Stories and Prose (Translated)

Three or Four Extra Songs

I've stripped away everything from life that isn't necessary. Like this: unnecessary shopping, unnecessary gift-giving or receiving, extra rice and fish, biryani or alcohol. I've cut away friendships beyond what's needful too, because when you try to give time to too many friends, it stops being friendship and becomes nothing but a cage.

Excess gossip, excess television, wandering from one neighborhood to another, unnecessary joy or forced merriment, depending on someone or letting someone depend on me, judging others or shrinking from the fear of being judged, worrying about what people might say or needlessly occupying people's minds with what I say—I've let all of it go.

I couldn't do it all at once. No one can. But slowly, I managed. I can't quite reconcile my old self with who I am now. I think: Is this really me? According to my neighbors and friends, and even by my own reckoning after careful thought, I seemed to be growing old. These prunings from life—they looked like the signs of aging. But when I realized the difference in confidence between my old self and my new self, the wisdom I've gained, the commonness, the positive attitude, the acceptance, the patience, the thrill of learning something new, the ability to celebrate the smallest of things—such enormous gains—then it struck me: by discarding the unnecessary, I've actually found myself.

I don't need to be happy, don't need to be well, don't need to avoid trouble or bear pressure.
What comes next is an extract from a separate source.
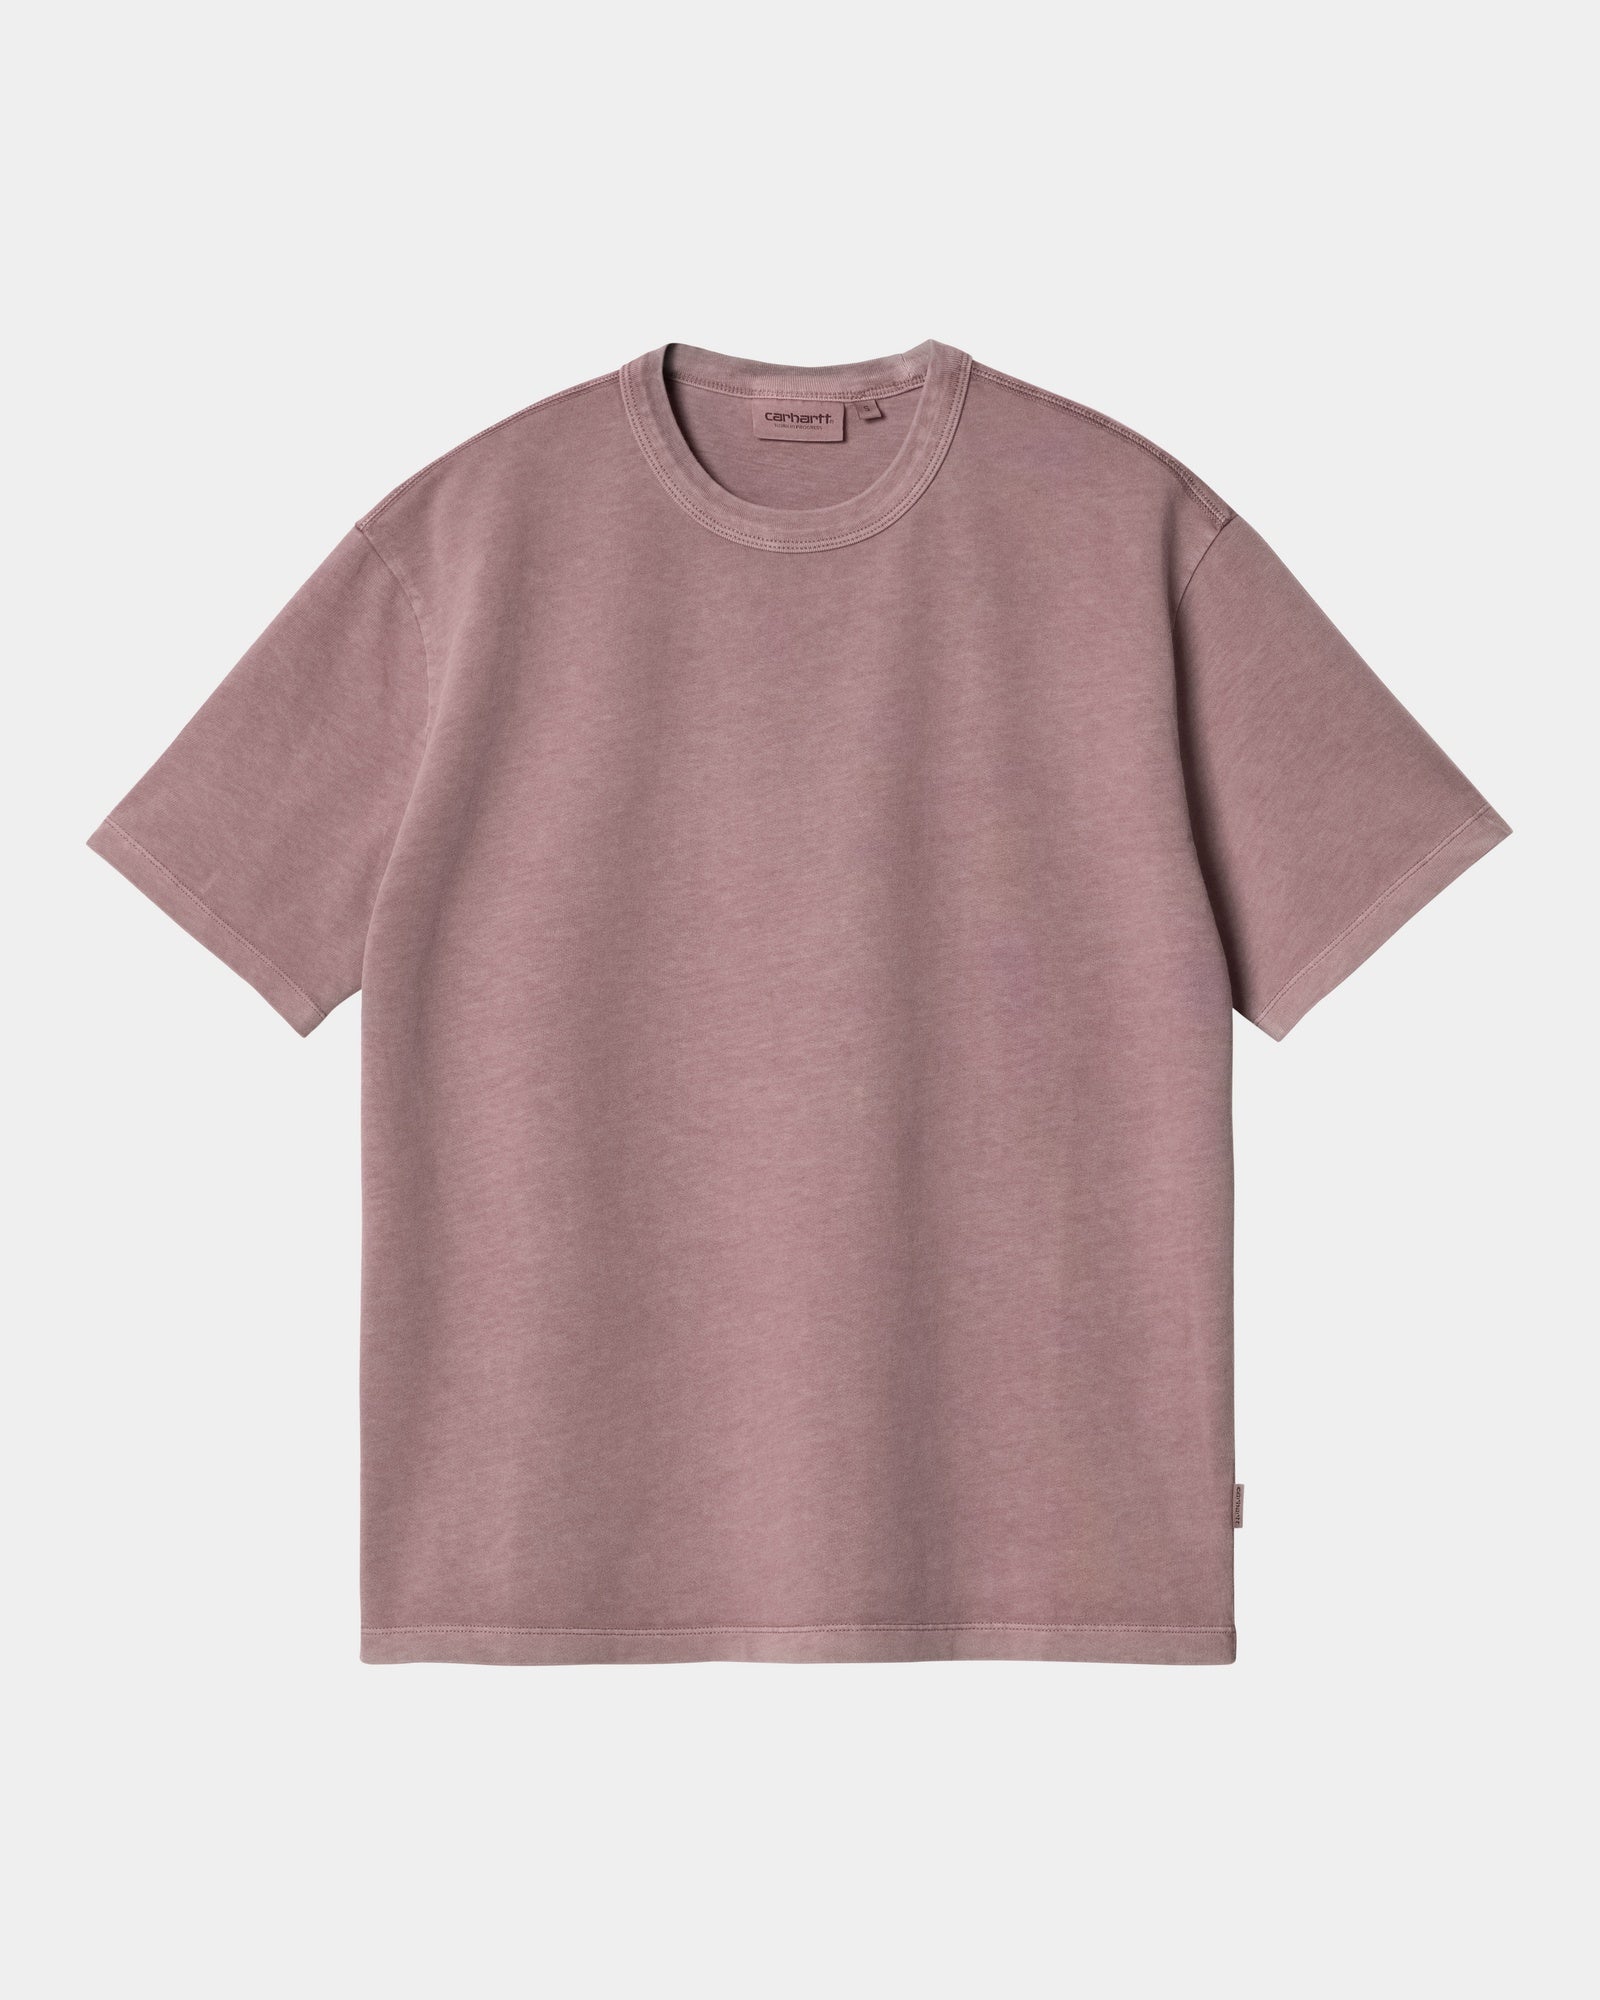 칼하트WIP Carhartt Women’s Taos T-Shirt,Daphne

I don't have to lie. Instead of wasting money and time buying unnecessary saris and jewelry, I can put that toward productive work or helping others. Because I don't judge anyone, I'm spared the burden of worrying about others' judgments—time I can spend listening to three or four extra songs instead. Ha ha ha.

Without excess gossip with friends and wine, life once seemed utterly hollow. Whether the addiction was wine or endless chatter, I'm dependent on nothing now. To celebrate joy or sorrow, I no longer need alcohol.

I've learned that to find happiness in life, you must know how to hold on to things, how to play pretend, how to move in step even against your will. But to truly enjoy life, to live deeply, to connect with your own soul—for that, you need only to know how to let go.